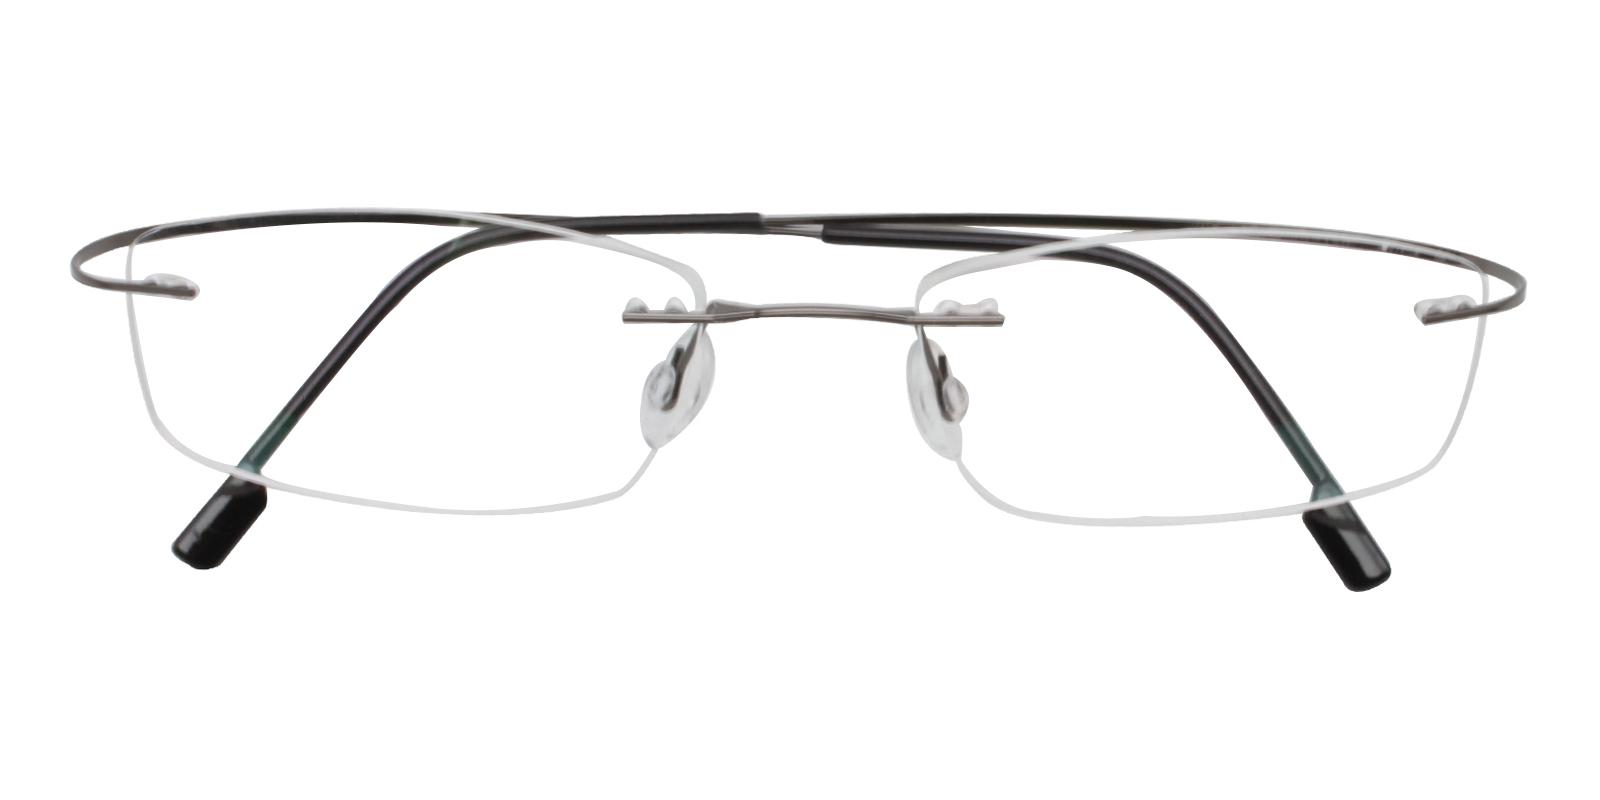 Olivia Gun Metal , Memory Eyeglasses , NosePads Frames from ABBE Glasses
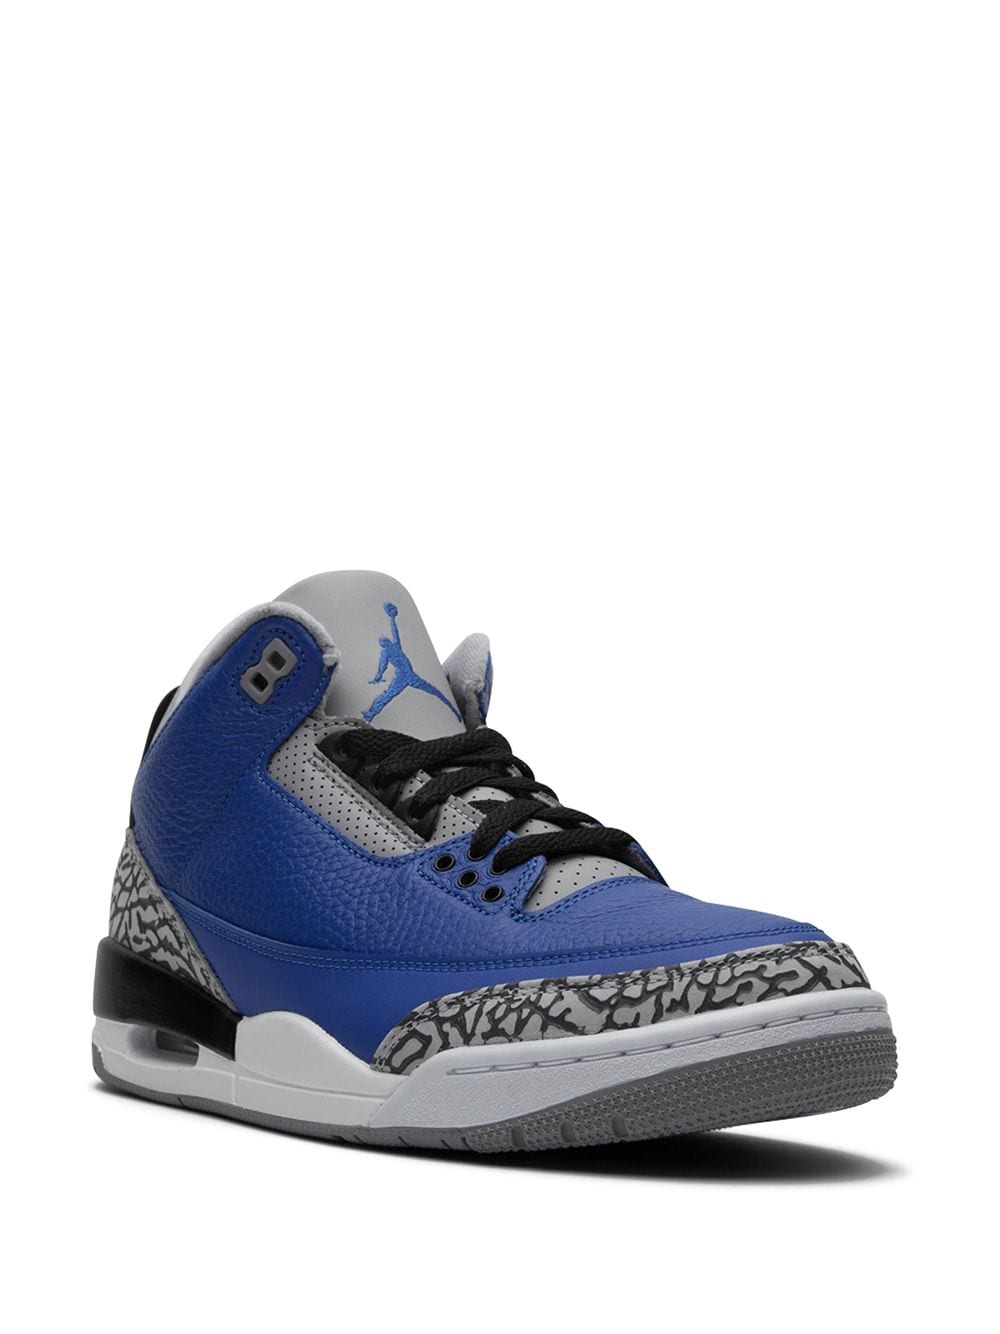 Image 2 of Jordan Air Jordan 3 Retro "Blue Cement" sneakers
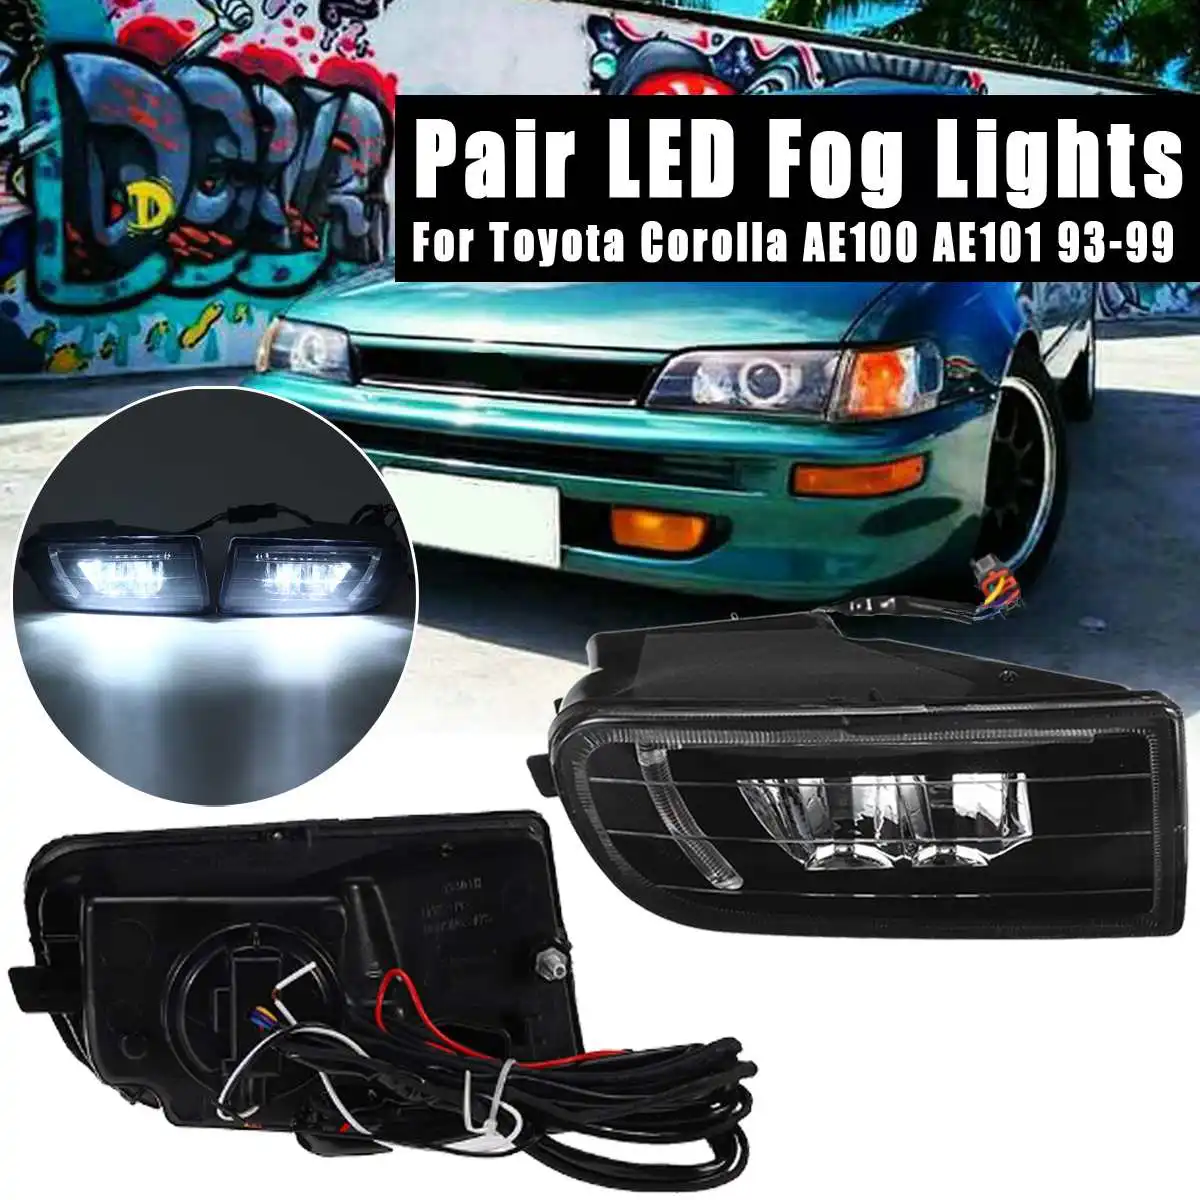 

1 Pair Bright Fog Light Fog Lamp Assembly Super For toyota Corolla AE100 AE101 1993 1994 1995 1996 1997 1998 1999 Led Fog Lights
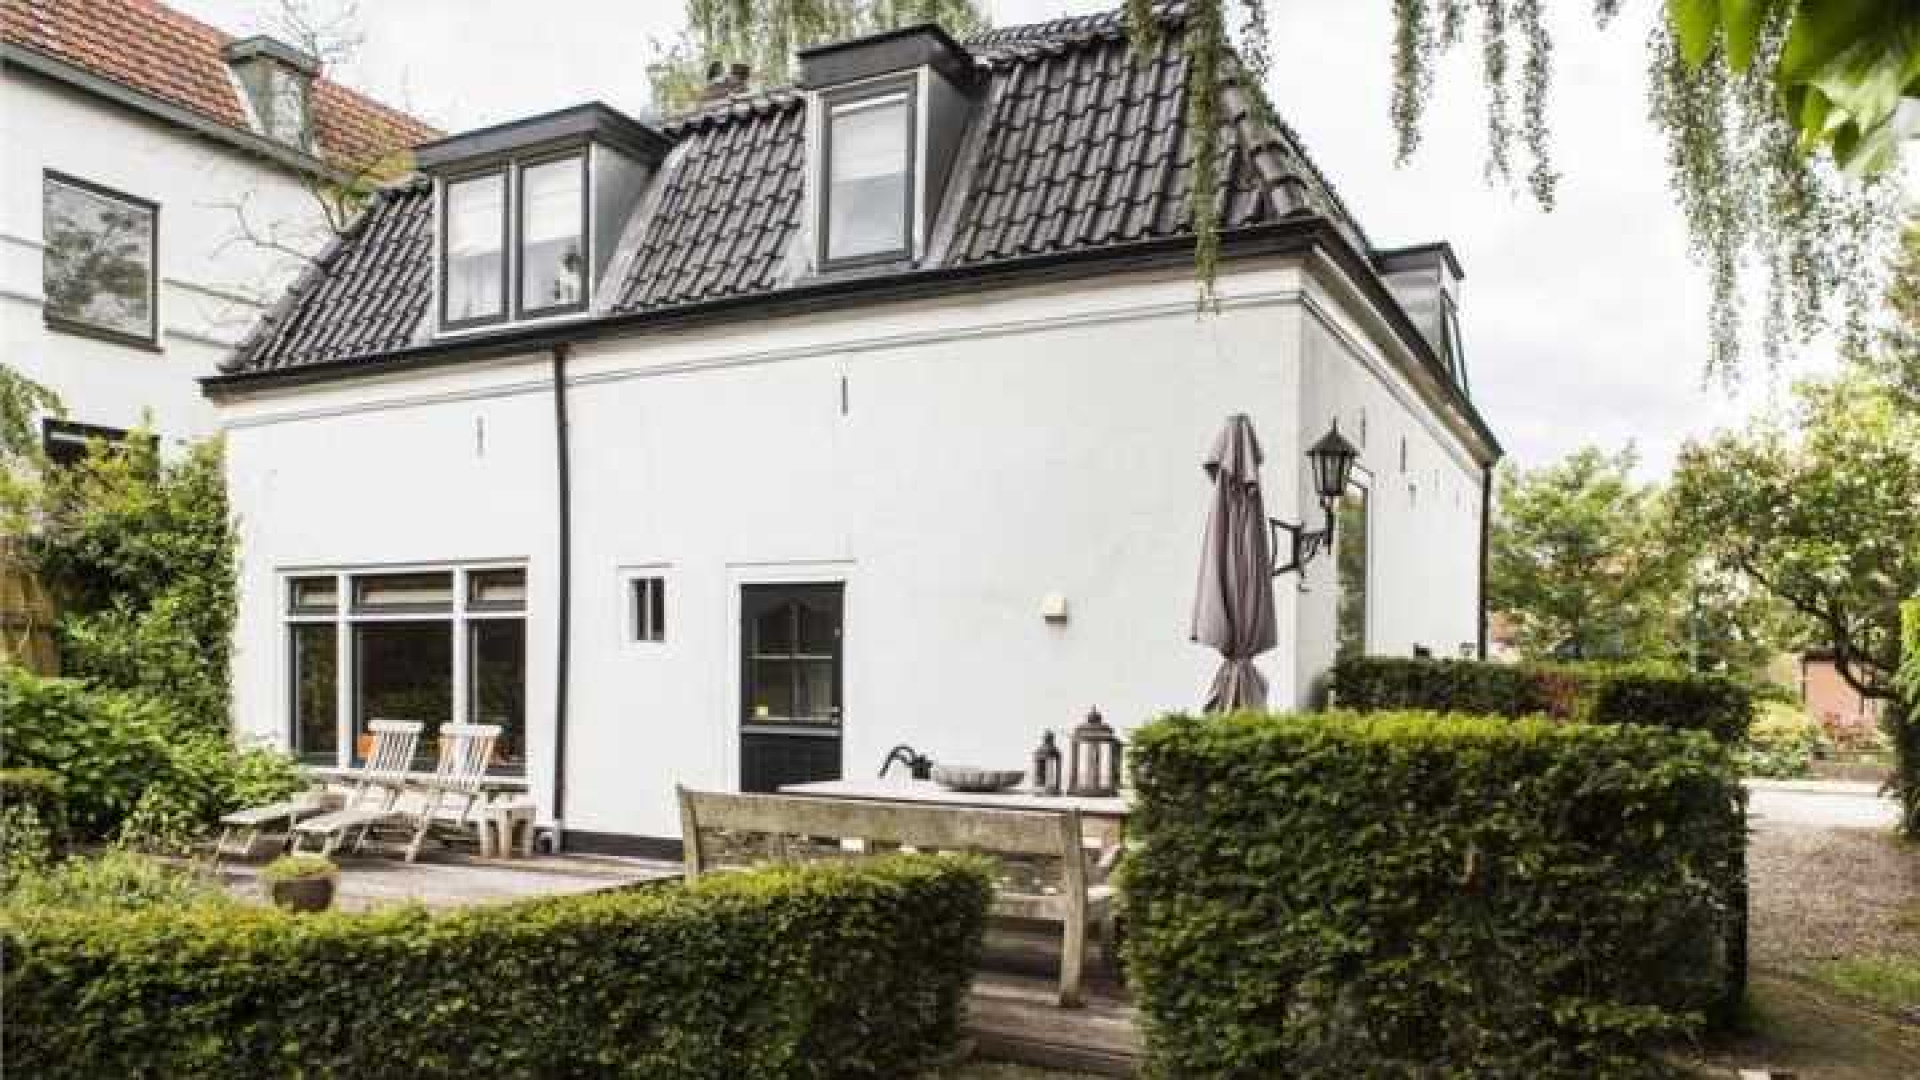 Mariska Hulscher verlaagt vraagprijs van haar villa. Zie foto's

## EXERCISE DIRECTIONS
Leave the pictures out and restate the listing word for word.

## SOLVED EXERCISE
 Olivia Gun Metal , Memory Eyeglasses , NosePads Frames from ABBE Glasses
 Image 2 of Jordan Air Jordan 3 Retro "Blue Cement" sneakers

1 Pair Bright Fog Light Fog Lamp Assembly Super For toyota Corolla AE100 AE101 1993 1994 1995 1996 1997 1998 1999 Led Fog Lights
 Mariska Hulscher verlaagt vraagprijs van haar villa. Zie foto's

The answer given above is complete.